En faisant recours à la notion de mandat requis pour permettre à toute personne, en l’occurrence à l’ICJ, de demander l’arrestation et la remise de tout suspect à la CPI, la Cour kenyane semble sombrer dans la confusion entre les relations officielles que la CPI entretient avec les ONG16 et les relations que l’Etat peut avoir avec ces dernières17. D’autant que, dans l’ordre juridique kenyan, seule la KNHREC a effectivement un rôle officiel en matière des droits de l’homme18.

C’est donc à tort que la Cour kenyane s’est prononcée en faveur de la recevabilité de la requête de l’ICJ, alors que sa qualité et son intérêt à agir dans cette espèce ne se justifient pas au regard des textes.

CONCLUSION DU CHAPITRE I

Dans les analyses qui précèdent, il ressort que la Cour kenyane a tranché le problème de la qualité et de l’intérêt de l’ICJ à agir avec beaucoup de maladresses. Seule une lecture particulièrement complaisante de l’ICA a pu entraîner une telle décision. En effet, la Section 32 de l’ICA sur laquelle la requérante s’est fondée, ne lui permet pas d’agir.

L’on a constaté que l’interprétation qui en a été faite par la Cour kenyane a abouti à un résultat qui met cette disposition en contradiction avec d’autres dispositions19 de l’ICA. En effet, cette loi réserve la compétence exclusive (sur le plan national) au Ministre et, dans une certaine mesure, à l’Attorney general.

De ce fait, le locus-standi que la Cour kenyane a accordé à l’ICJ ne se justifie pas.

L’on a pu également constater que le déplacement du Sommet de l’IGAD a privé la demande de l’ICJ de son objet, de telle sorte qu’il n’y avait plus lieu pour la Cour kenyane de statuer sur le fond de la demande20. Au moment de l’introduction de la requête par l’ICJ le 18 novembre 2010 en effet, les autorités gouvernementales kenyanes avaient déjà annoncé, un peu plus tôt, soit le 29 octobre 2010, qu’Omar El BECHIR n’allait pas fouler le territoire kenyan. Il revenait à la Cour kenyane d’en tirer les conséquences nécessaires en rejetant la demande de l’ICJ pour défaut d’objet.

L’exécution des décisions de la CPI étant une affaire sensible, l’on a remarqué que le législateur kenyan a exclu du prétoire les particuliers et les OSC; les confinant à ne faire que du lobbying21. Même si, le Statut de la CPI officialise le rôle des ONG du fait de l’influence qu’elles ont exercée pendant les négociations de la Convention de Rome qui a établi cette Cour22et même si elles exercent aussi une certaine pression sur les Etats23, il n’appartenait pas à l’ICJ de se substituer ni à la CPI ni aux autorités gouvernementales kenyanes.
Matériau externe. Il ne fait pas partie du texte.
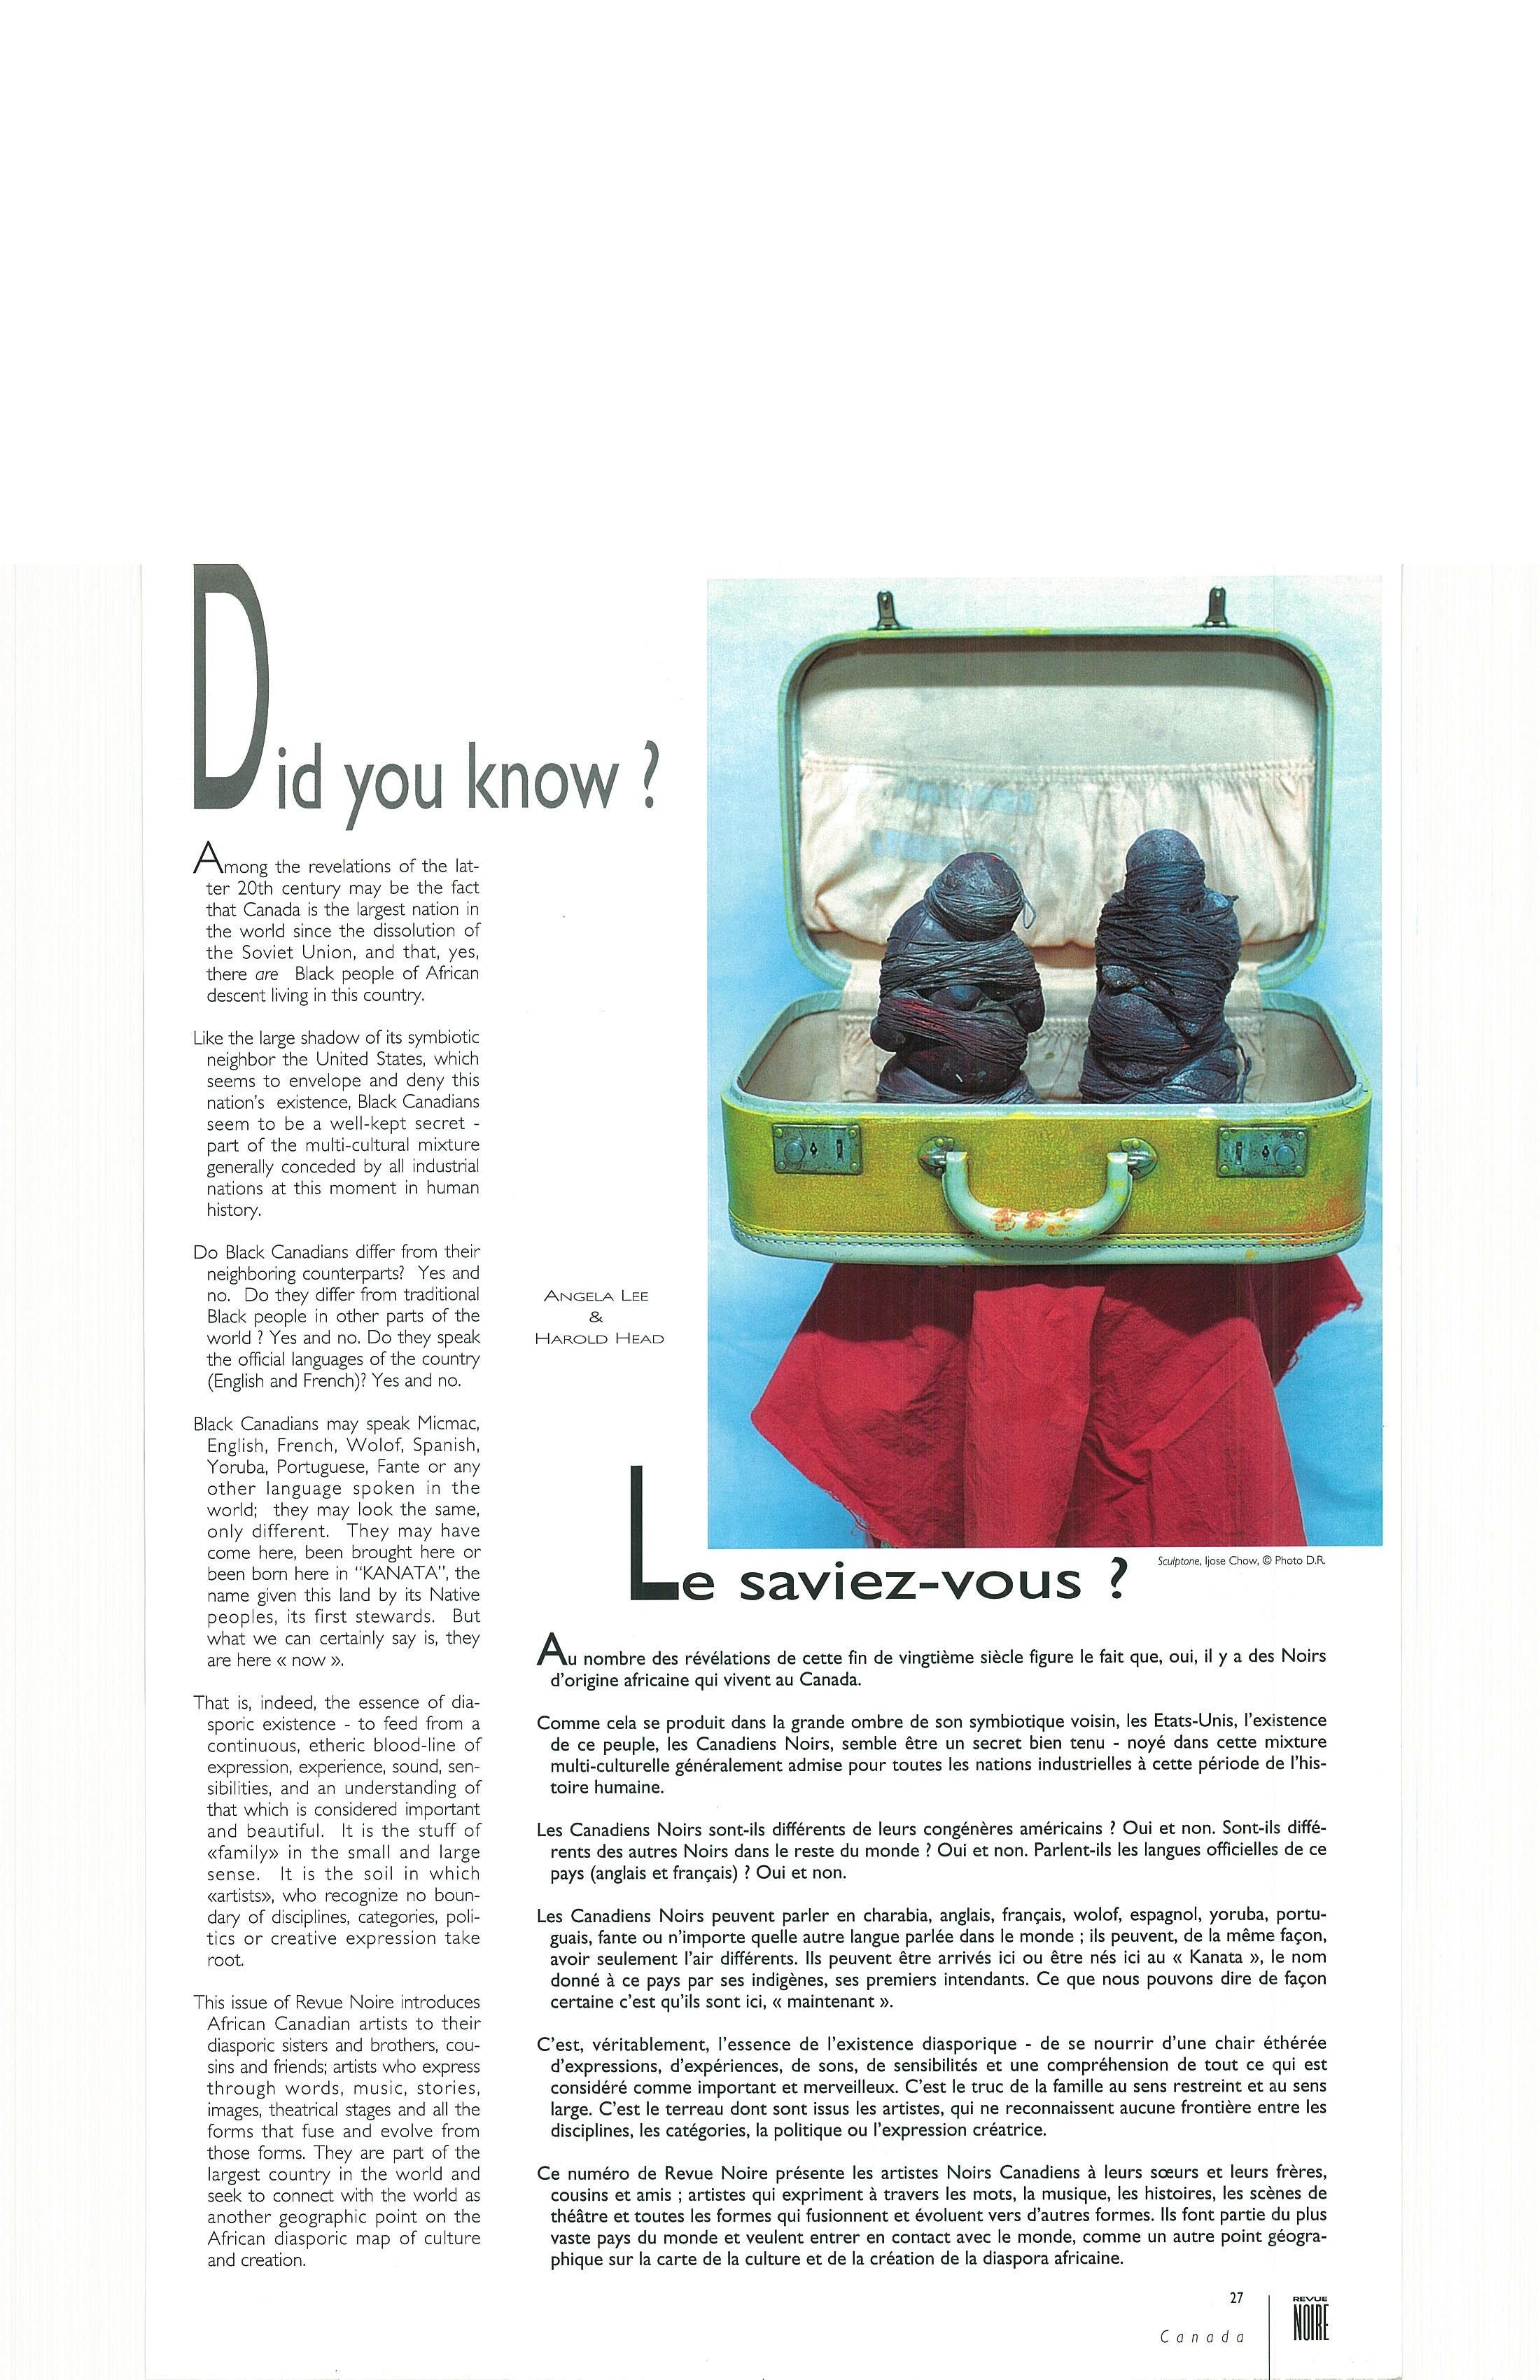 2. Revue Noire book_Page_029

L’accès au juge étant encadré par des conditions que doit remplir tout demandeur, l’on a pu établir que l’ICJ ne remplissait aucune condition relative à la qualité et à l’intérêt à agir dans cette espèce. Ces conditions faisant défaut, la Cour kenyane devait tout simplement rejeter sa demande.
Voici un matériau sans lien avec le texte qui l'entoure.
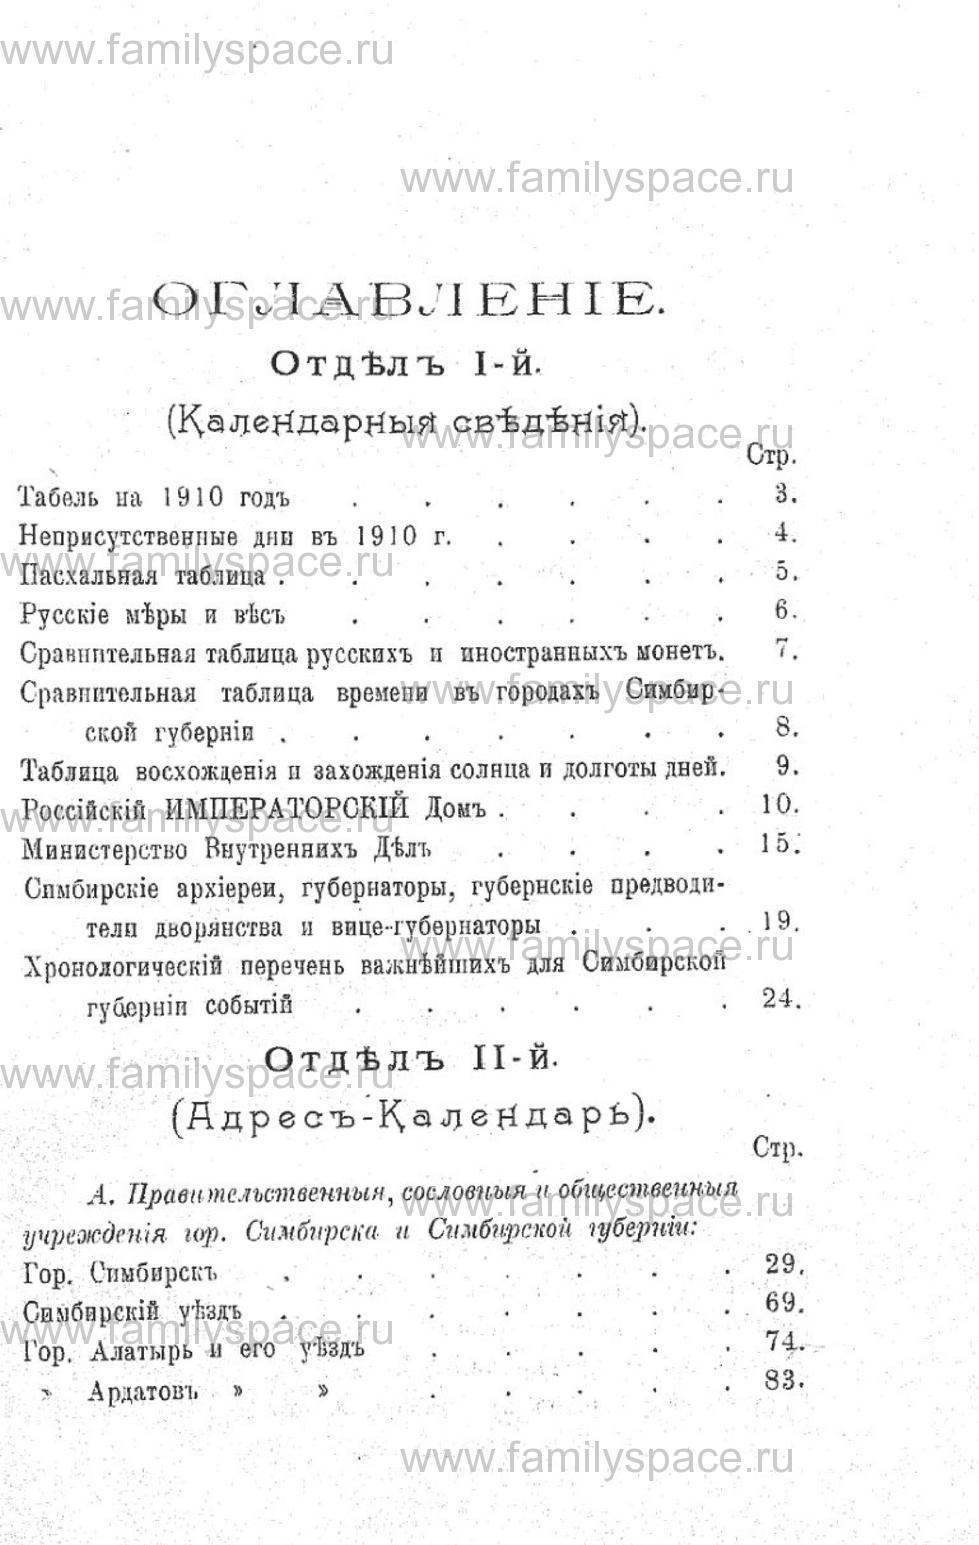 Поиск по фамилии - Памятная книжка и адрес-календарь Симбирской губернии на 1910 год, страница 1

Les problèmes de recevabilité de la demande de l’ICJ n’ont pas seulement porté sur sa qualité et son intérêt à agir, il s’est aussi agi des questions de procédure dont l’analyse semble militer aussi en faveur de l’irrecevabilité de la requête de l’ICJ.

________________________

1 Voir International Commission of Jurists v. Attorney General and Minister of State for Provincial Administration and Internal Security, op. cit. (note n° 2), p. 10.

2 Ibid., p. 20.

3 L’ICA qui régit la coopération entre la CPI et le Kenya n’autorise que l’Attorney general et le Ministre chargé de la sécurité intérieure à intervenir voire à conduire le processus d’application des décisions de la CPI au Kenya. La place que la Cour kenyane accorde à l’ICJ suscite, à l’image du rôle attribué au Conseil de Sécurité des Nations Unies dans le Statut de Rome, beaucoup de controverses. Voir Amissi MELCHIADE MANIRABONA, « Vers la décrispation de la tension entre la Cour pénale internationale et l’Afrique : quelques défis à relever », RJT, vol. 45, 2011, 33 pp. (spéc. p. 26).

4 L’on peut s’accorder avec Michel DOUCIN qu’en Afrique, les ONG évoluent dans un contexte où l’ « Etat est maitre du jeu ». Voir de cet auteur, Les organisations non gouvernementales « acteurs-agis » des relations internationales?, op. cit. (note n° 118), p. 267.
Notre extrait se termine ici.